Inevitably though, this Code Red level of joy must be shared in new ways. My newly coupled friends have now become relationship gurus through their own lucky happenstance. They found their soul-mates, and therefore know secrets I don't know and have never considered before.
For one, instead of doing as they've done by procuring myself an amazing man who is nice and kind and the most amazing man ever born, I pursue assholes. If only I would follow their lead and find myself a guy who treats me like a princess I would be so much better off.
This is valuable advice to be sure. It had never occurred to me to interact with nice men only. Instead of pining away and waiting for Charles Manson to write me back and wondering why he hasn't called, I should have been doing what my friends were doing...which is actually the same thing I was doing but with happier endings.
It's the ending I've got wrong apparently. Instead of checking off the box marked, "Gong Show," when handed my relationship menu at the beginning of every date, I should put an X next to "Fairy Tale." Gotcha.
Perhaps I send mixed signals to the universe. One newly coupled friend is convinced she met the most amazing man ever in the history of men and amazingness because she decided she was "open," and the universe provided accordingly.
I tried being open for one afternoon, and a sea gull shat on my shoulder. Obviously I'm better off being a little less accessible to the universe, and a little lower on the radar.
My mixed signals must be the reason for some pretty mixed results. My longest relationship began as blissful, and remained blissful...on paper and in public. He was also amazing...until he wasn't.
Right up until he'd snap he'd be the nicest guy ever, which always made me question my sanity even when I was cramming my car full of the only belongings I could carry and fleeing the province to get away. The universe had that half right...I guess.
Then came Alex. Alex used to leave me cutesy messages at work, call me all the time and make me feel wonderful. Now I still enjoy his occasional Facebook update and the sound of his voice telling me to leave a message.

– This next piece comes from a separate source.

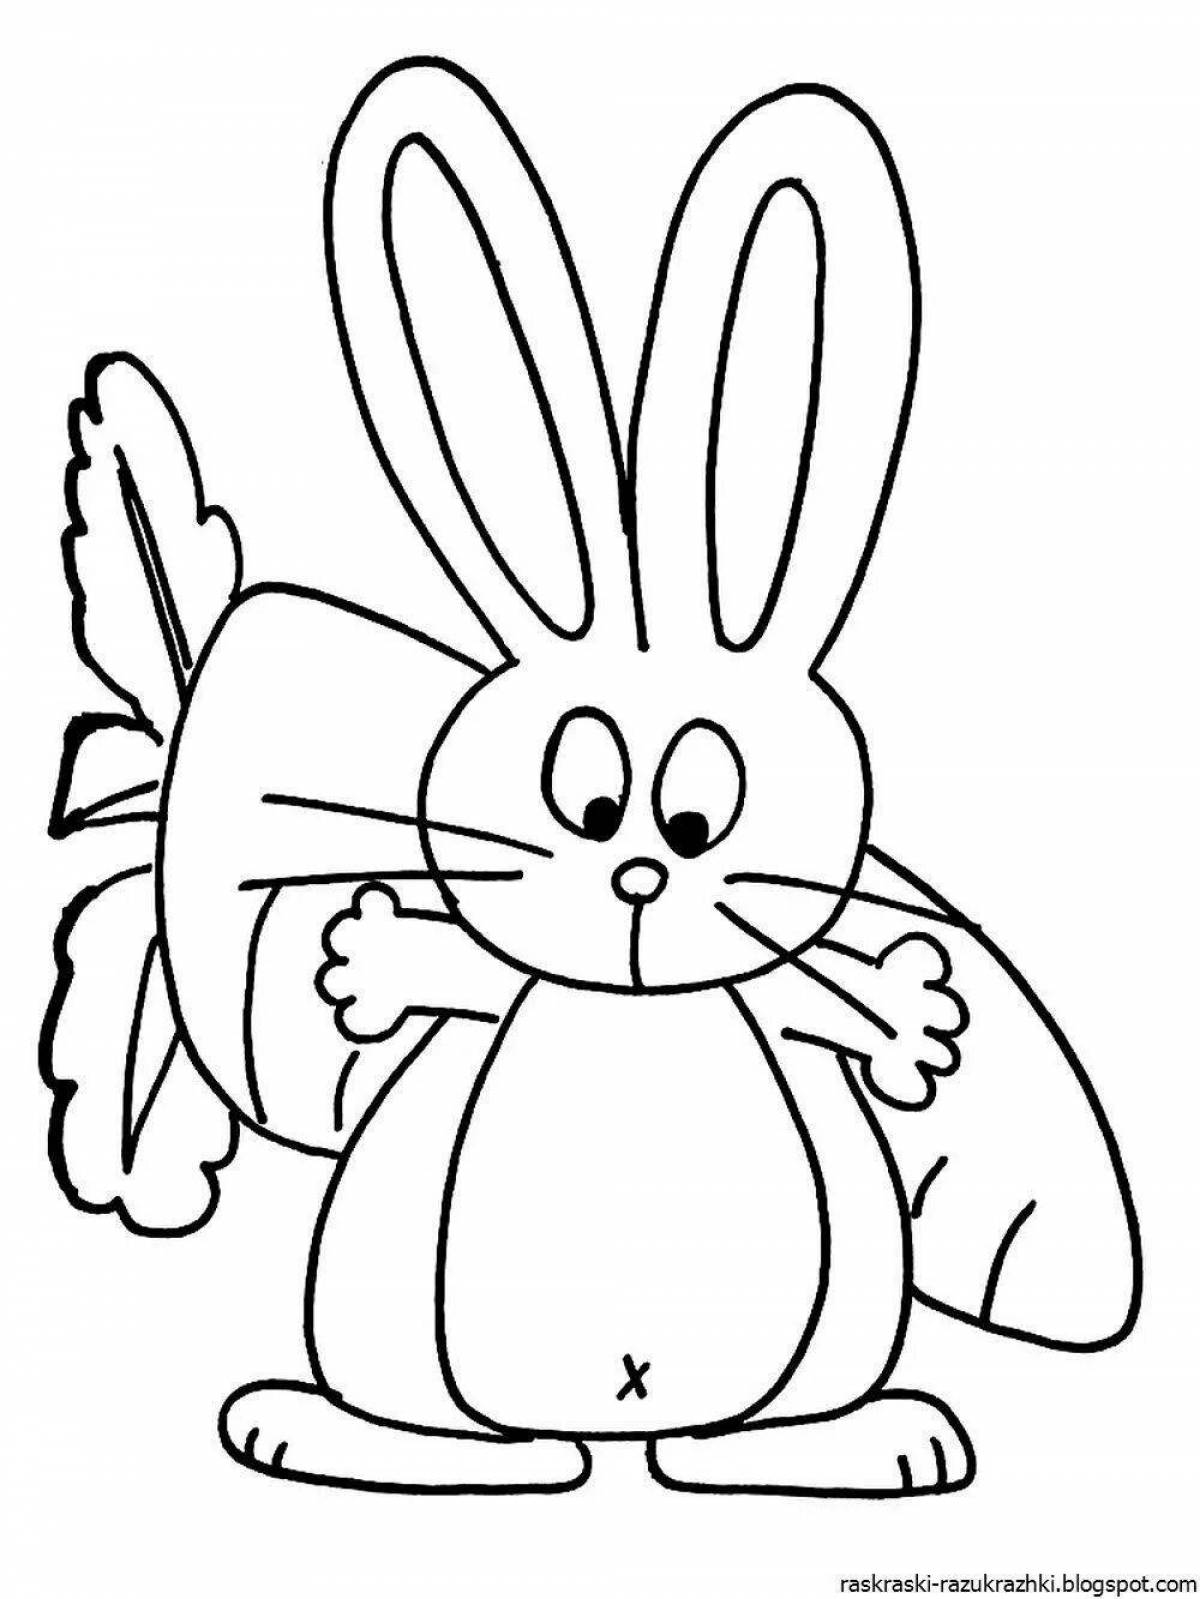 Выразительный рисунок кролика для детей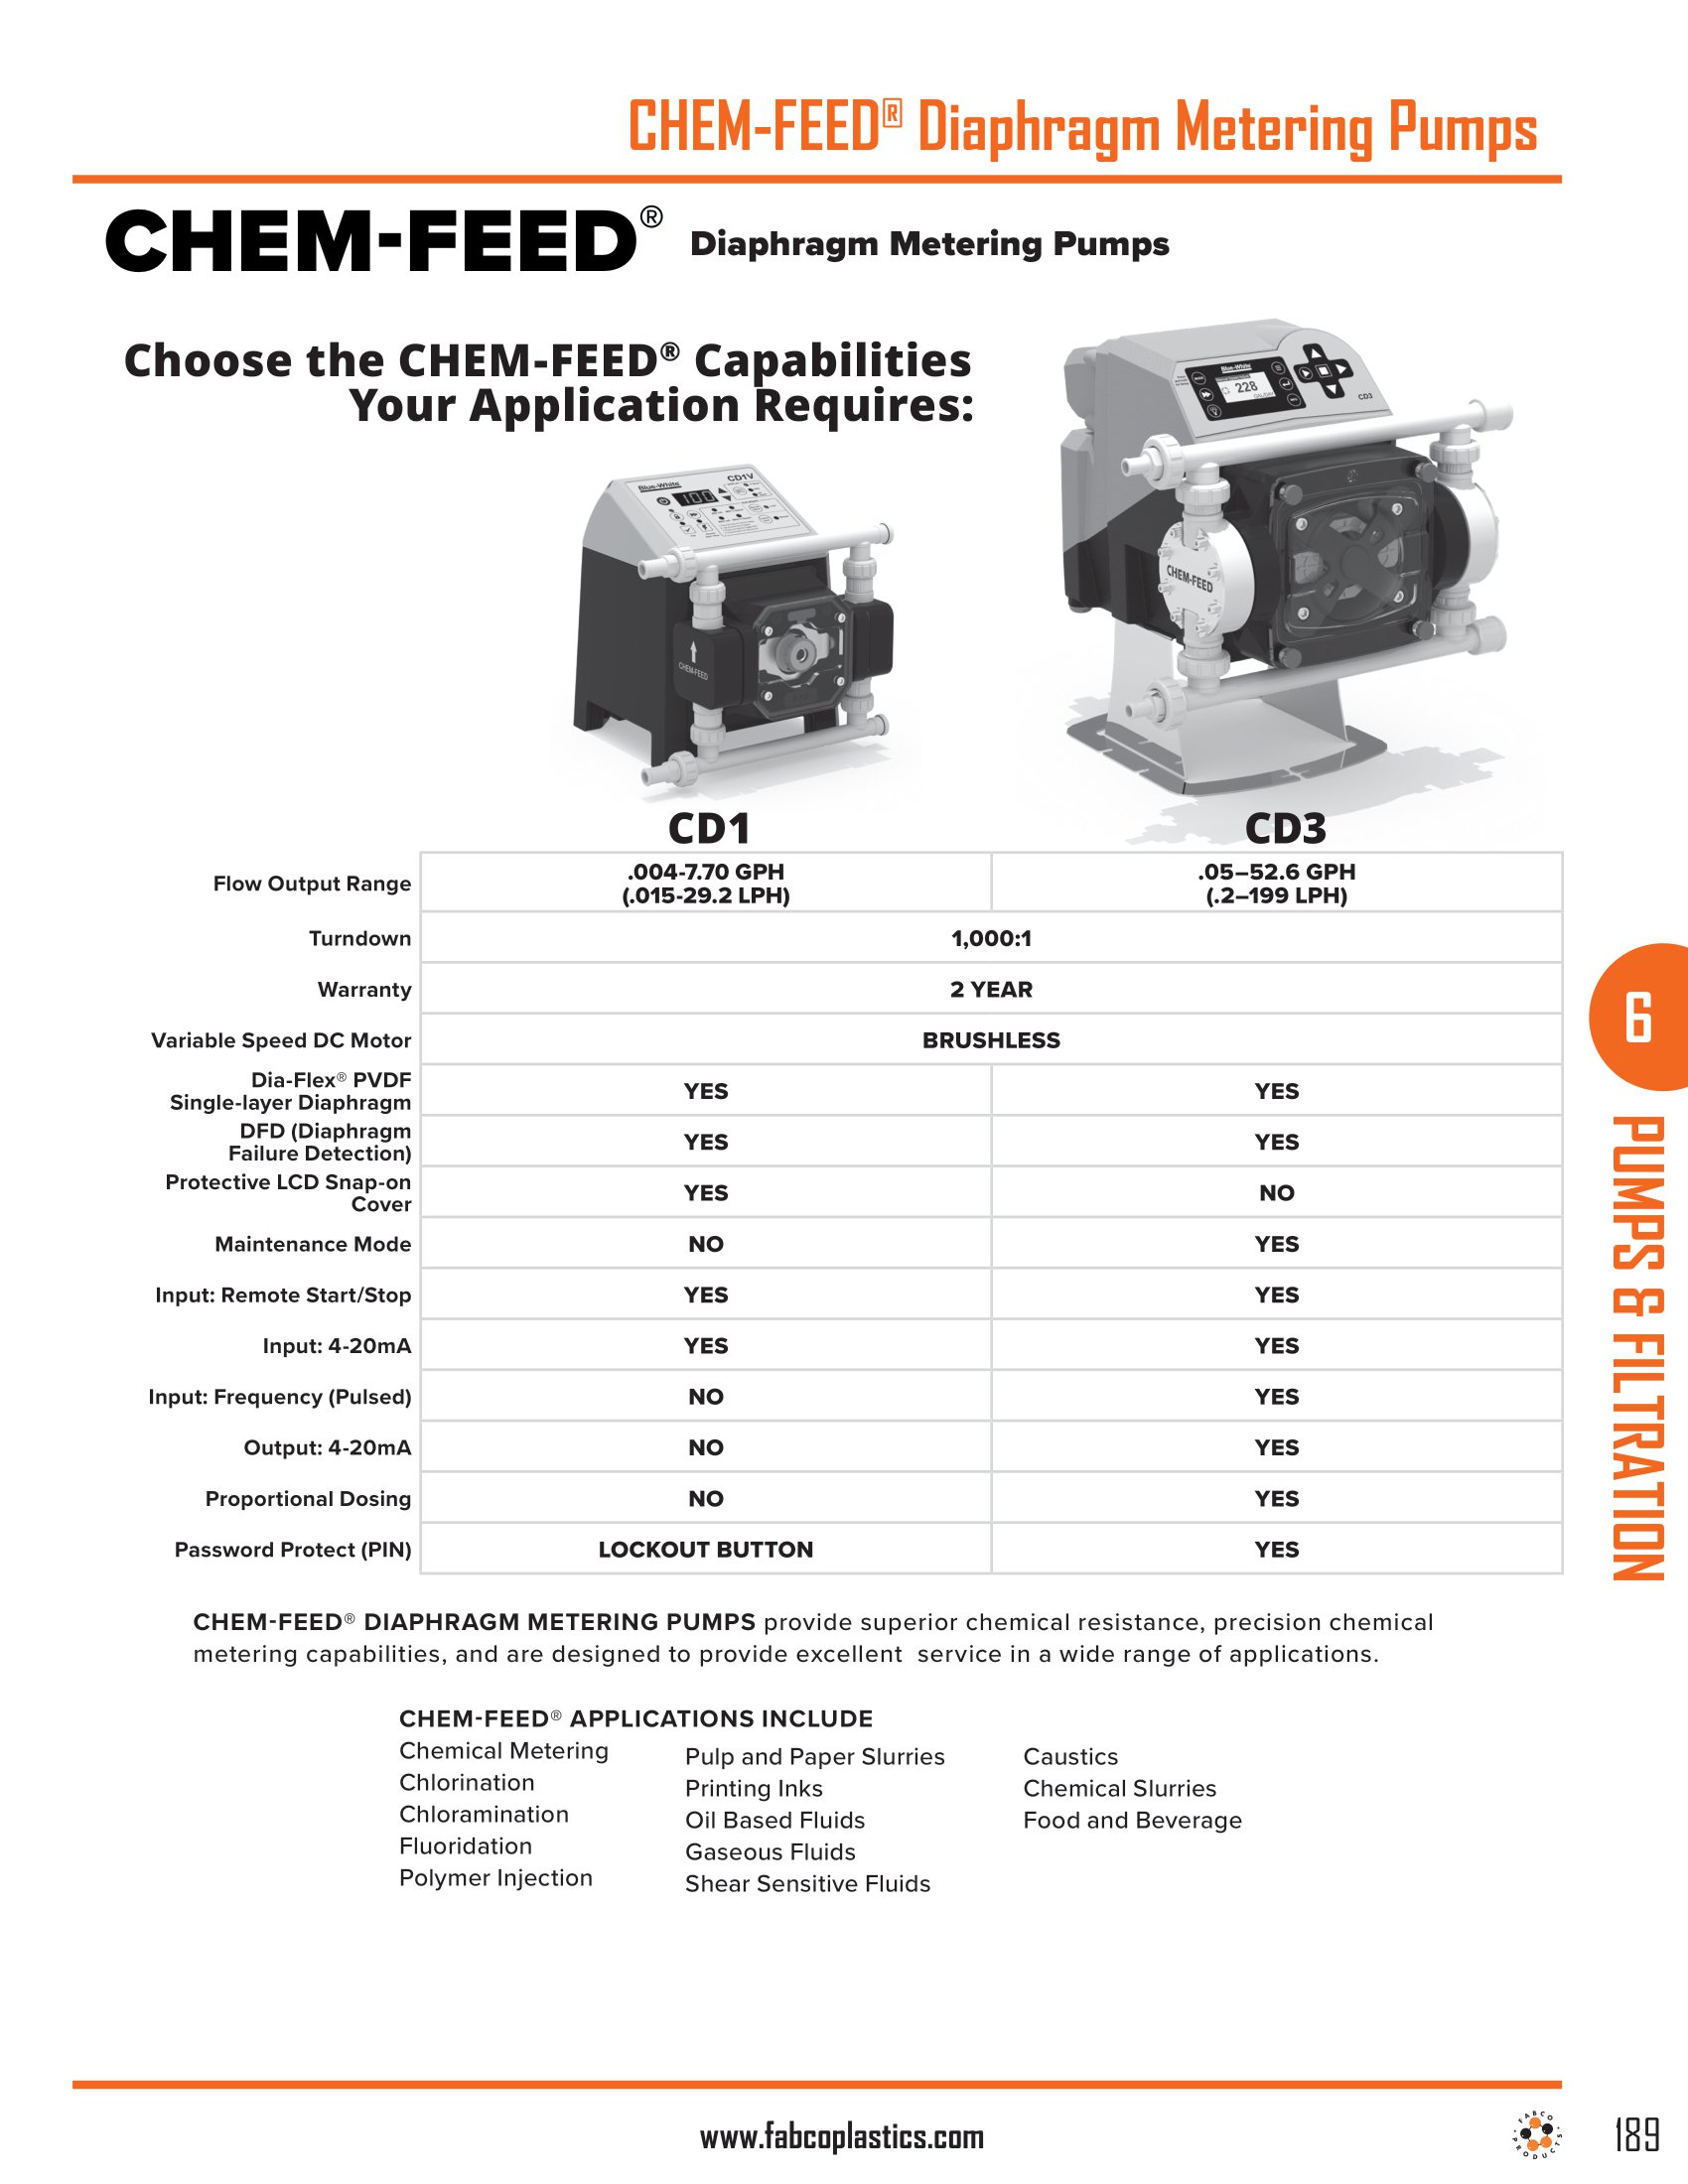 CHEM-FEED Diaphragm Metering Pumps

Things change, some times breaking your heart in the process. I'm not sure where the universe and I got our wires crossed, but I'm refusing to be either open or closed. I'm available by appointment only.
Another friend recently rewarded by the universe swears I should just stop looking. She stopped looking, and now she's frolicking in meadows or whatever it is these new couples get up to.
Granted, before finding her prince she was on E-Harmony and Plenty of Fish but I suppose that wasn't really looking - only browsing.
Out of any of the helpful advice I get that makes me want to drive my single girl vibrator straight through my eyeball, finding somebody by not looking will be the most likely to blind me.
All of my friends now in relationships were looking, right up until they found somebody.
Rewriting history to say that you had just managed to achieve self-actualization and were perfectly content to grow old alone mere minutes before a romance more magical than that between a human and a vampire who sparkles in the sun lands in your lap does not make it true.
(Also, I just watched Twilight for the first time just to see what all the fuss is about. While the story as a parable about waiting to have sex until marriage is eye-rolling, I would do Edward Cullen. Yes I would. Universe? I'm totally open to that idea. Get on it.)
It's hard being the forgotten fry in the container. The one that's all shrivelled and brown with a patch of green that nobody wants, even when still hungry. Telling the universe to make me into a potato or to ignore the fact I'm the last french fry won't help. Also, I need to have lunch if that wasn't readily apparent.
I'm happy for my friends. Honestly, I am. But if all this happiness continues, the weddings had better be open bar and whatever they do - invite some single guys to the receptions. Not that I'm looking.